TomTom's 2023 year in review: The big trends we're seeing in maps, EV, traffic and AI
Matthew Beedham·Dec 19, 2023

TomTom's 2023 year in review: The big trends we're seeing in maps, EV, traffic and AI

Matthew Beedham
Editor
Dec 19, 2023 · 10 min read
Big trends in maps, EV, traffic and AI | TomTom Newsroom

The past year is one for TomTom’s history books. Delivering several firsts, the company is releasing new products, pushing its technology forward with the latest innovations. And it’s playing a central role in shaping the commercial mapping and location tech industry for good. With the year ending, let’s take a look at some of the milestones and trends from the past year and consider what’s on the horizon before TomTom returns with a bang at CES2024 in January.

AI is the talk of every town

Interest and buzz in Artificial Intelligence (AI) have never been higher interest in the tech began to explode in November 2022 and has continued growing over the course of this year.

One specific type of AI is driving the tech zeitgeist of 2023 — Generative AI (GenAI). The result of advancements in large language models, Generative AI is ushering in the next wave of innovation in tech in both products and productivity — with OpenAI’s ChatGPT and Dall. E models leading the charge.

The introduction of highly capable, Generative AI technology by cloud providers has ignited significant interest within the industry. Many companies are actively exploring business opportunities to enhance user experiences and improve operational efficiency through the strategic utilization of GenAI.

Yu Guo

Advanced Technology Innovations at TomTom

TomTom’s own Advanced Technology Innovations (ATI) department, a team of experts tasked with the exploration and development of cutting-edge technologies, is already deep into its exploration of GenAI.

Earlier this year, TomTom became the first mapmaker and location technology company to release a plugin for ChatGPT. When users of the LLM ask complex questions about locations and navigation, ChatGPT can generate detailed location-informed responses that include turn-by-turn directions and maps. For the technical behind the scenes on that, check out this article written by Ivan Diaz, a member of TomTom’s Advanced Technology Innovations team.

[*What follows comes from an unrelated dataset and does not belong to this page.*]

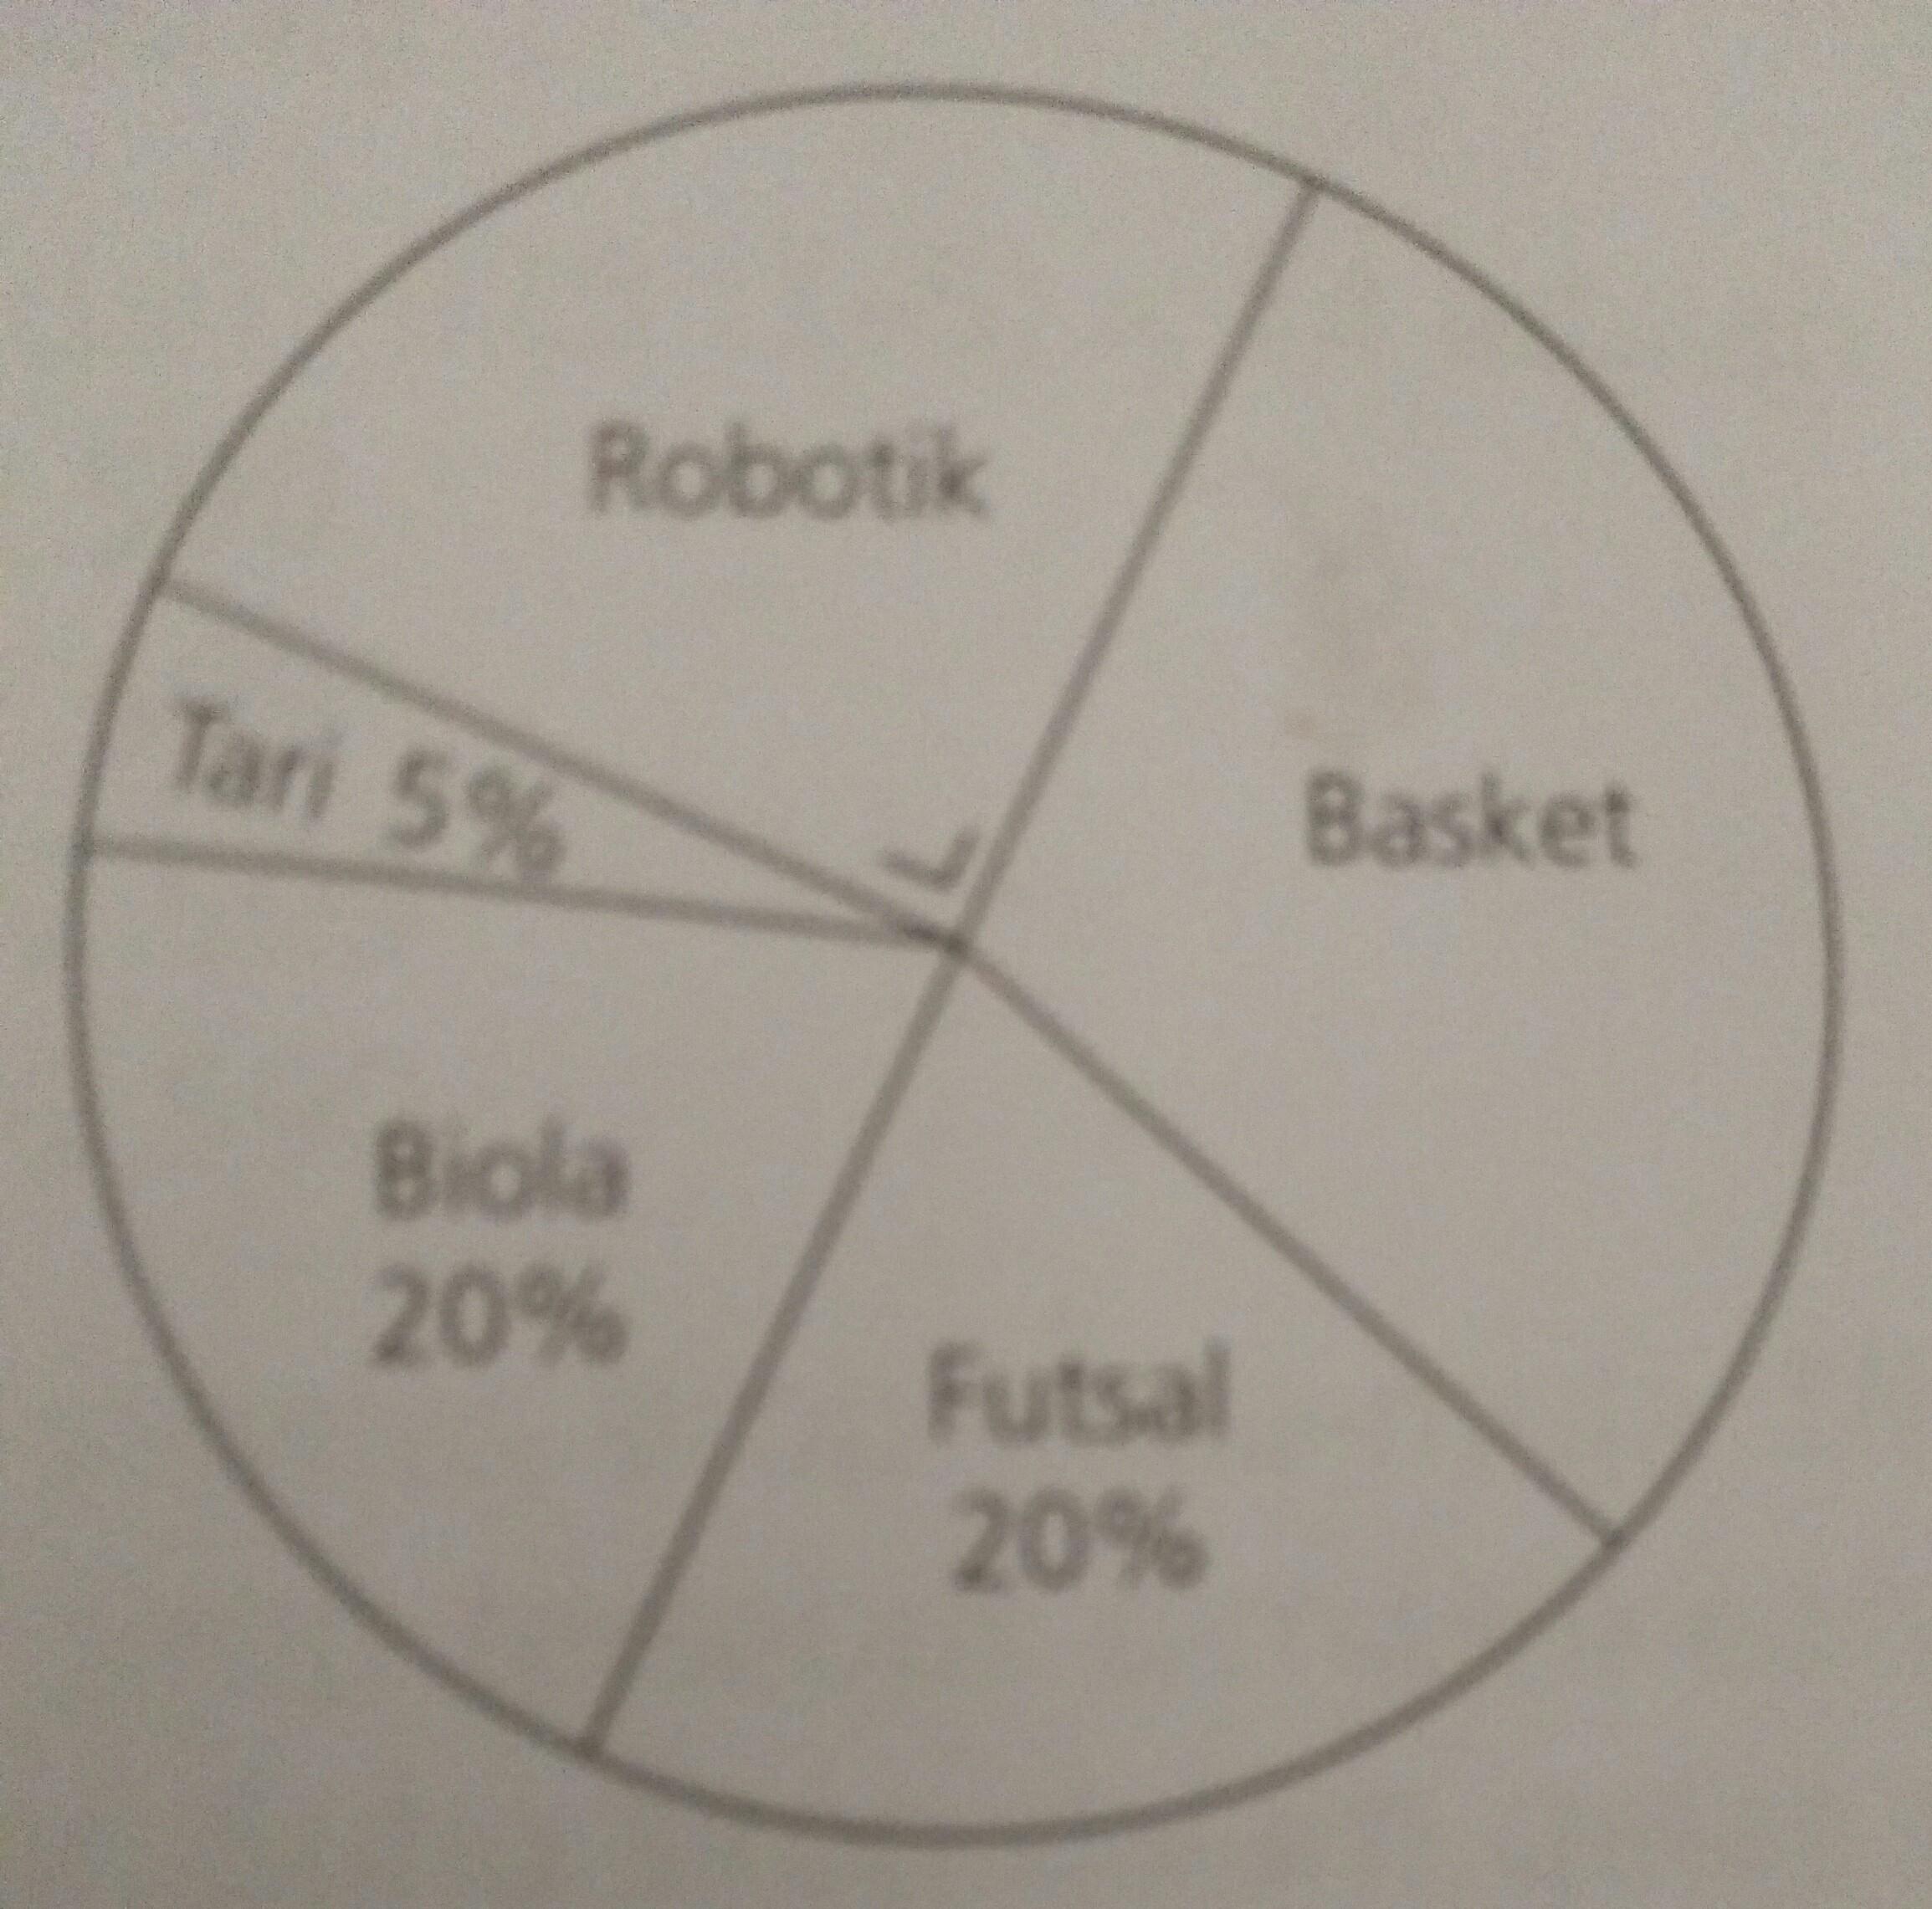 Diagram lingkaran berikut menyajikan data ekstrakurikuler yang diagram lingkaran berikut menyajikan data ekstrakurikuler yang diikuti siswa sd merah putih jika jumlah seluruh siswa 200 orang banyak siswa yang ccuart Images

New AI-powered in-car interfaces

Alongside this, the company is also developing an AI, LLM-powered driving assistant and is demoing it at CES2024. TomTom is no stranger to building in-vehicle tech, but its new AI assistant is something entirely new, if you’ve ever dreamed of being able to talk to your car as if it were KITT, your dream might soon be reality.

Gianluca Brugnoli, TomTom’s VP of Design, leads the company’s UX design team and has a keen eye for in-vehicle user interfaces. He believes that Generative AI-powered voice assistants will be the next revolutionary tech for in-vehicle experiences.

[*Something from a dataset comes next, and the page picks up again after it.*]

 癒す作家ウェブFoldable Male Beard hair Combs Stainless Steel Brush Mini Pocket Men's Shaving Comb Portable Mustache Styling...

“Generative AI is going to add an emotional layer to interaction with the car,” he says. “It will also help personalize the experience of the vehicle and creative adaptive experiences based on the vehicle’s knowledge of its surroundings and the emotional state of you [the driver].”

A picture of an in-vehicle screen with TomTom's AI assistant providing advice and directions to a vegan restaurant.TomTom's AI voice assistant for cars, is able to comprehend complex requests, such as finding a restaurant and navigating there via the scenic route.

“It will know where you’re driving, your physical and will adapt the driving experience and the technology in the cabin to match the experience each driver seeks.”

Navigation systems and personal navigation devices were the last piece of technology that truly changed the way everyone drives, Brugnoli says. The next will be Generative AI-powered experiences in the car.

If you want to read more about TomTom’s journey with AI over the past year, check out this article over on the Engineering Blog.

Traffic: A constant in our cities

Managing traffic is like making maps, it’s never finished. So long as there is a world and there are people, there will always be maps and there will always be traffic.

When it comes to traffic, the main challenge is one of sustainability, Ralf-Peter Schäfer, TomTom’s VP Product Management of Traffic, Travel and Routing, says.

Nearly a year ago, TomTom released its annual traffic index, as it does at the start of every year, and it uncovered that rush hours had returned.

For a while after the COVID-19 pandemic, the world saw a sustained drop in rush hour traffic compared to pre-pandemic levels — spurred on by work from home mandates and continued by widely adopted hybrid working models. But that changed in 2023.

The next TomTom Traffic Index will cast light on whether this trend will continue or if it was just a minor blip in our return to work after the pandemic.

Constantly changing cities

As traffic rages on, we’re witnessing our cities evolve and adapt — changes to infrastructure are seeking to increase road safety, reduce emissions and reduce congestion. Schäfer says, “[These changes are] about the heart of the city and giving space back to other modes of transport, giving space back to people and not turning city centers into parking lots.”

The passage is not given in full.